-- Dataset extract follows --
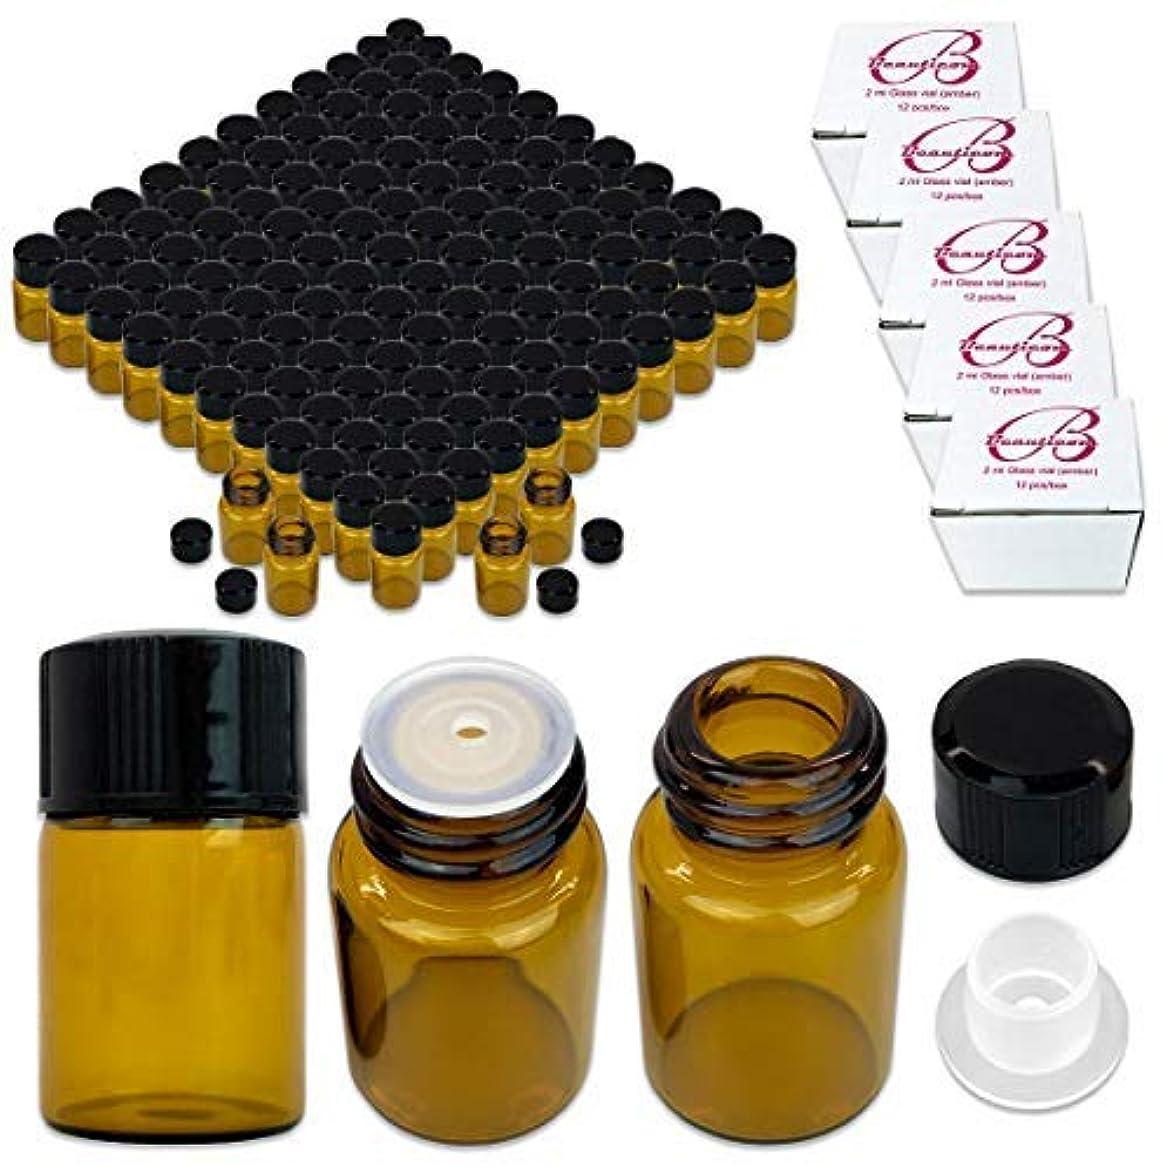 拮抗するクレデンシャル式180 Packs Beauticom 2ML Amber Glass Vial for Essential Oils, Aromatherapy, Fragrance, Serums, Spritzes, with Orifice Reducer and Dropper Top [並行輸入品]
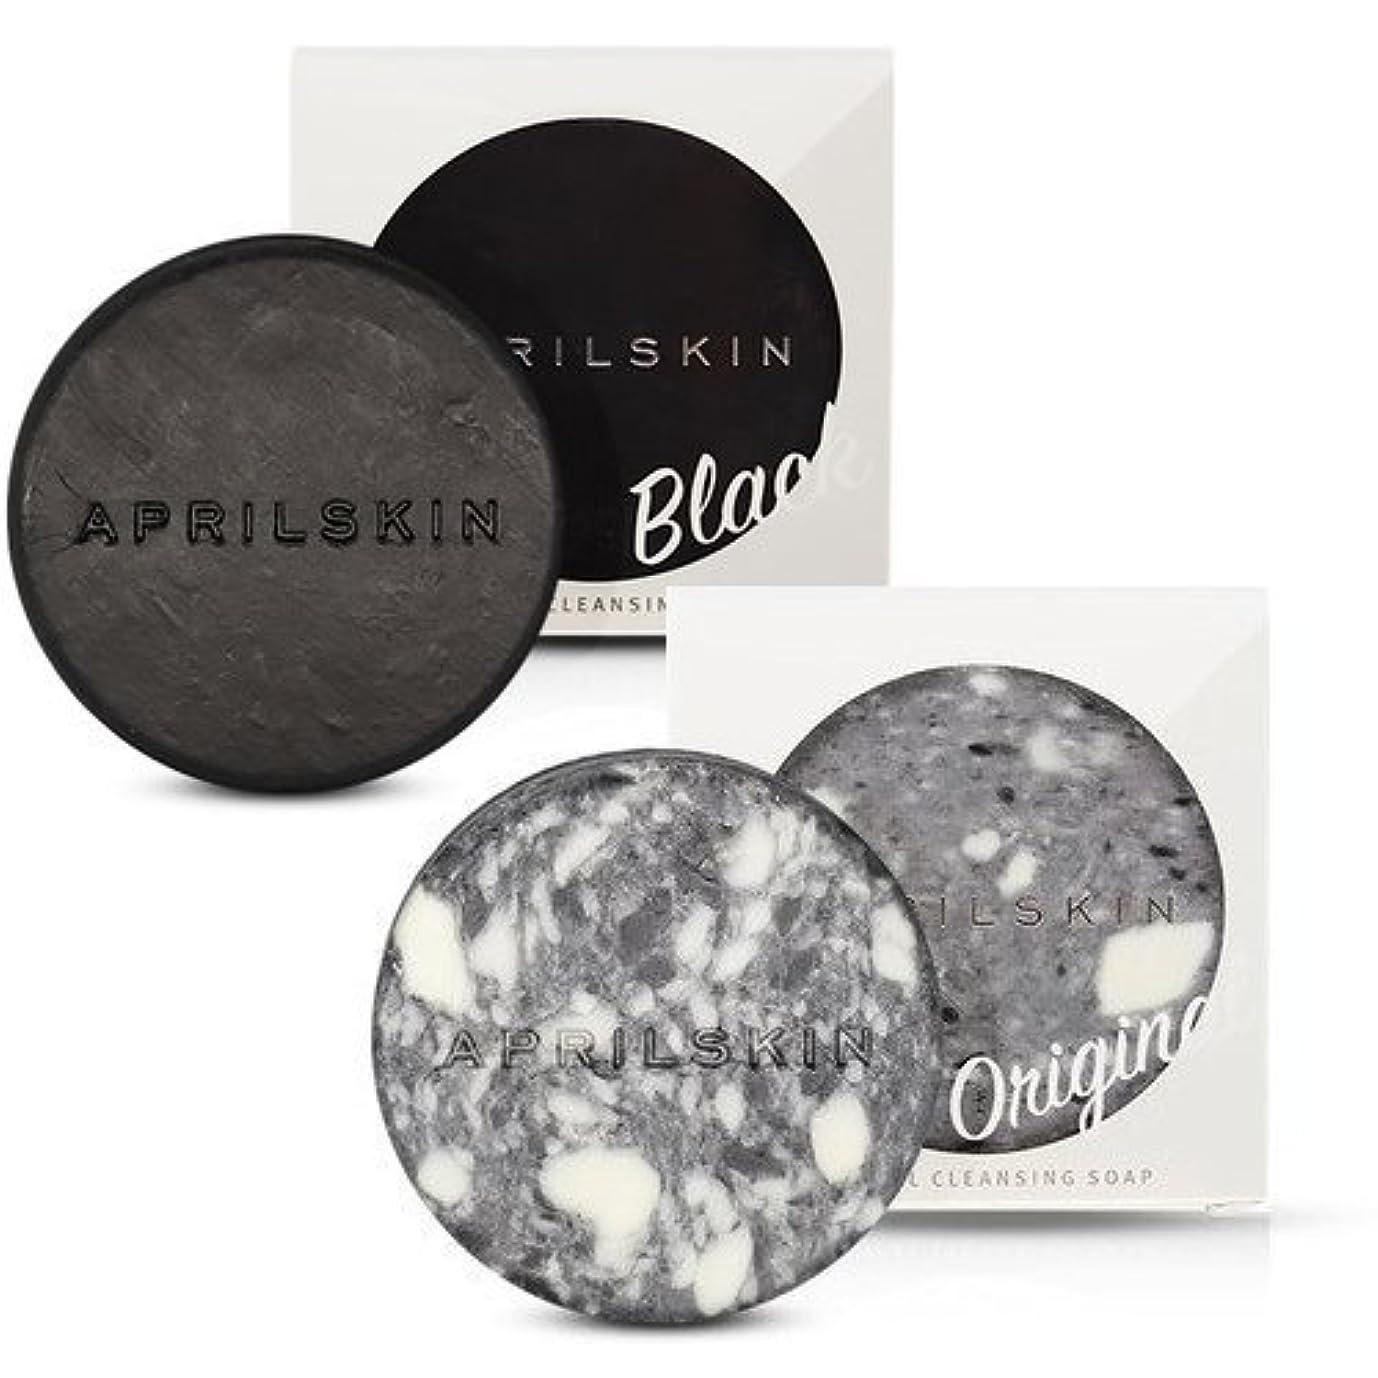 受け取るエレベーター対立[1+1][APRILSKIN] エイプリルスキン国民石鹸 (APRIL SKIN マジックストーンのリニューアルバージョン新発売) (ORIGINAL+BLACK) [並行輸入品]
-- Dataset extract concluded --
-- Dataset extract follows --
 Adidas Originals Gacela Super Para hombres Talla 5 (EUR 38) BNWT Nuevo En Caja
-- Dataset extract concluded --
**Goal of the exercise:** Copy only these lines from the records above, exactly: the one with "拮抗するクレデンシャル式180 Packs Beauticom", the one with "受け取るエレベーター対立[1+1][APRILSKIN] エイプリルスキン国民石鹸 (APRIL", and those between. Skip the pictures.

**Expected output:**
 拮抗するクレデンシャル式180 Packs Beauticom 2ML Amber Glass Vial for Essential Oils, Aromatherapy, Fragrance, Serums, Spritzes, with Orifice Reducer and Dropper Top [並行輸入品]
 受け取るエレベーター対立[1+1][APRILSKIN] エイプリルスキン国民石鹸 (APRIL SKIN マジックストーンのリニューアルバージョン新発売) (ORIGINAL+BLACK) [並行輸入品]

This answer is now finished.